1. Field of the Invention
The present invention is directed to apparatus and methods for increasing and detecting the fluorescence emitted by a molecule using metal-enhanced fluorescence. In particular, the invention describes the use of surface plasmon excitation for excitation of fluorophores near the metal surface and the efficient collection of the emission by coupling into the plasmon resonance and directing towards the detector. More particularly, the present invention makes use of the unique directionality of the plasmon induced fluorescence signal.
2. Background of the Related Art
Many experiments have been done demonstrating that metal particles can enhance fluorescence. Results in the literature show that fluorescence can be excited via the surface plasmon excitation. See Lakowicz, J. R., Radiative decay engineering: biophysical and biomedical applications. Anal Biochem, 2001. 298(1): p. 1–24; Lakowicz, J. R., et al., Radiative decay engineering: 2. Effects of Silver Island films on fluorescence intensity, lifetimes, and resonance energy transfer. Anal Biochem, 2002. 301(2): p. 261–77. Results in other publications have shown that emission can couple back into the plasmon at discrete angles.
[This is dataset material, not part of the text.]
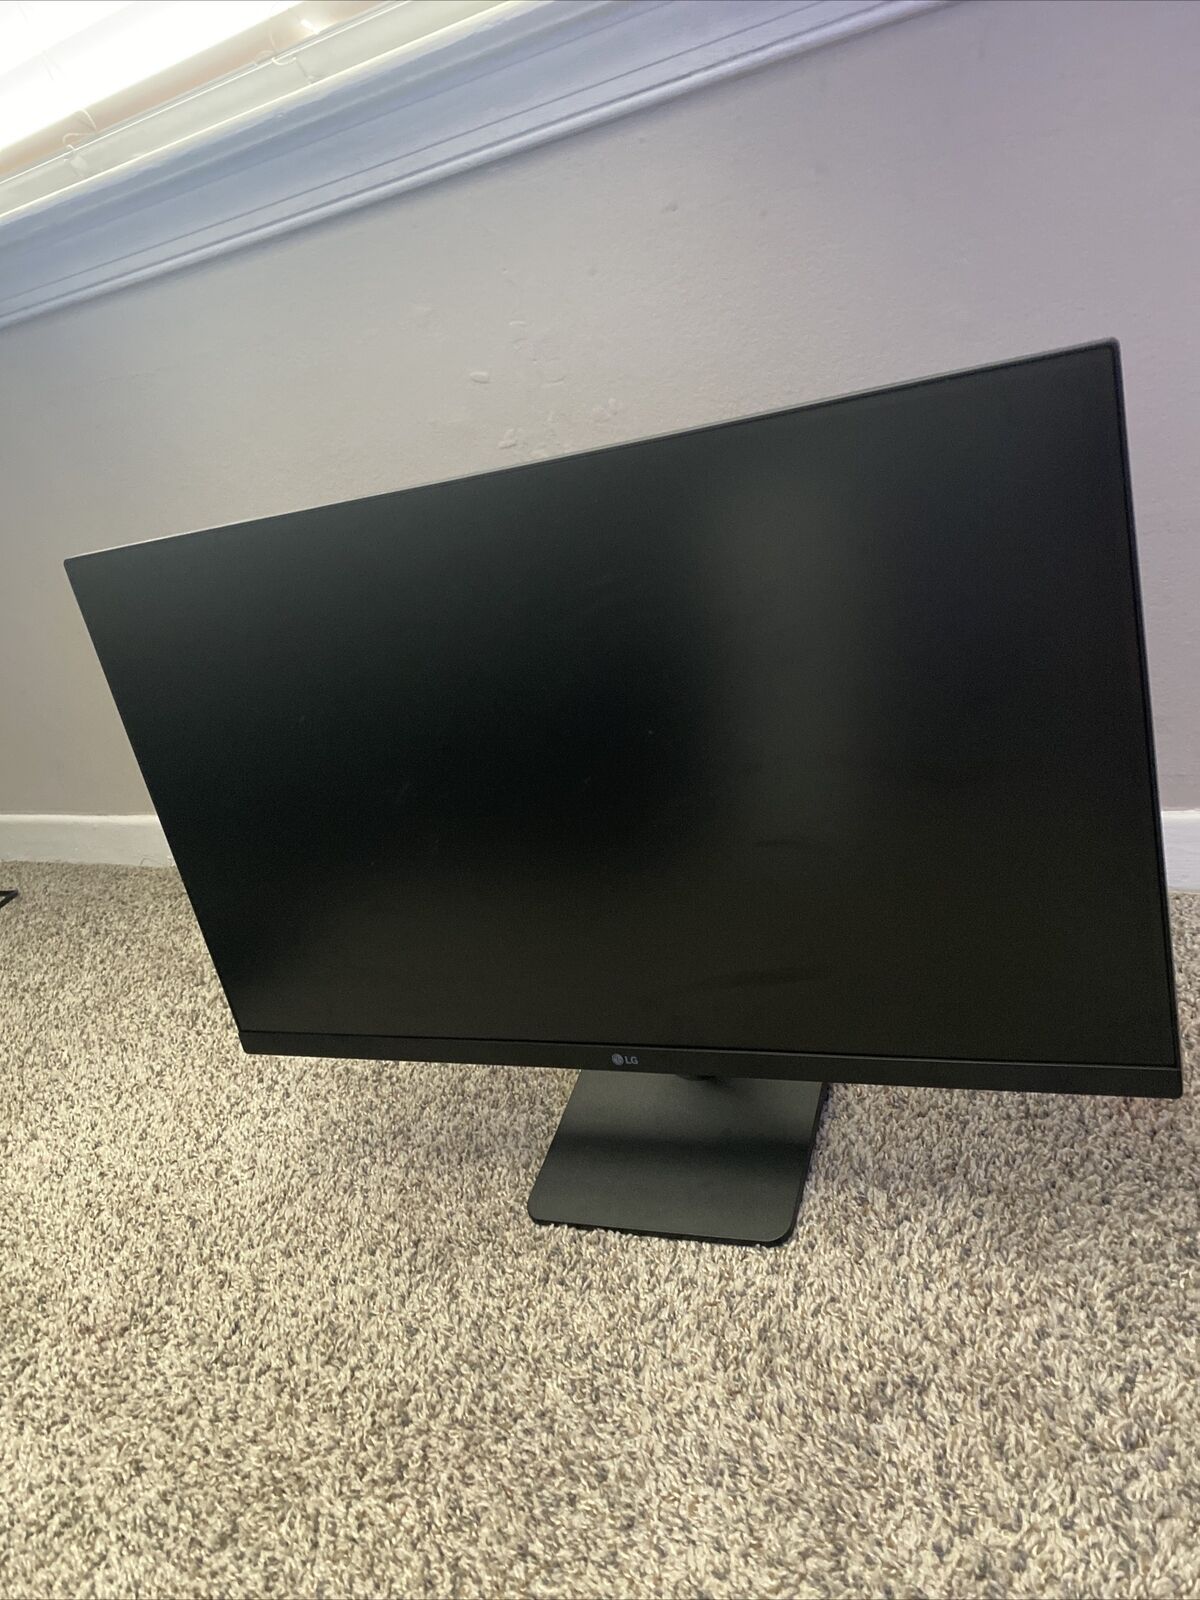 LG 27MP40W-B 27 in Widescreen IPS LCD Monitor (Perfect Condition)

FIG. 1 shows the well-known total internal reflection in fibers, where the refractive index n2>n1. Light approaching the refractive index boundary from the medium of higher refractive index is reflected away from the normal. For small angles of incidence, there is both a reflected ray and a refracted ray. However at some critical angle of incidence, θc, the refracted ray emerges parallel to the surface. For any angle of incidence greater than θc the light is totally internally reflected back into the medium of higher refractive index.
Fluorescent effects can be excited using various light sources. One light source is Xenon arc lamp. However, the spectral characteristics of the lamp vary over time and cannot provide a stable output. Light-Emitting-Diodes (LED) sources are also used. The LED sources can provide a stable output and offer opportunities for miniaturization and tunability of the output wavelength.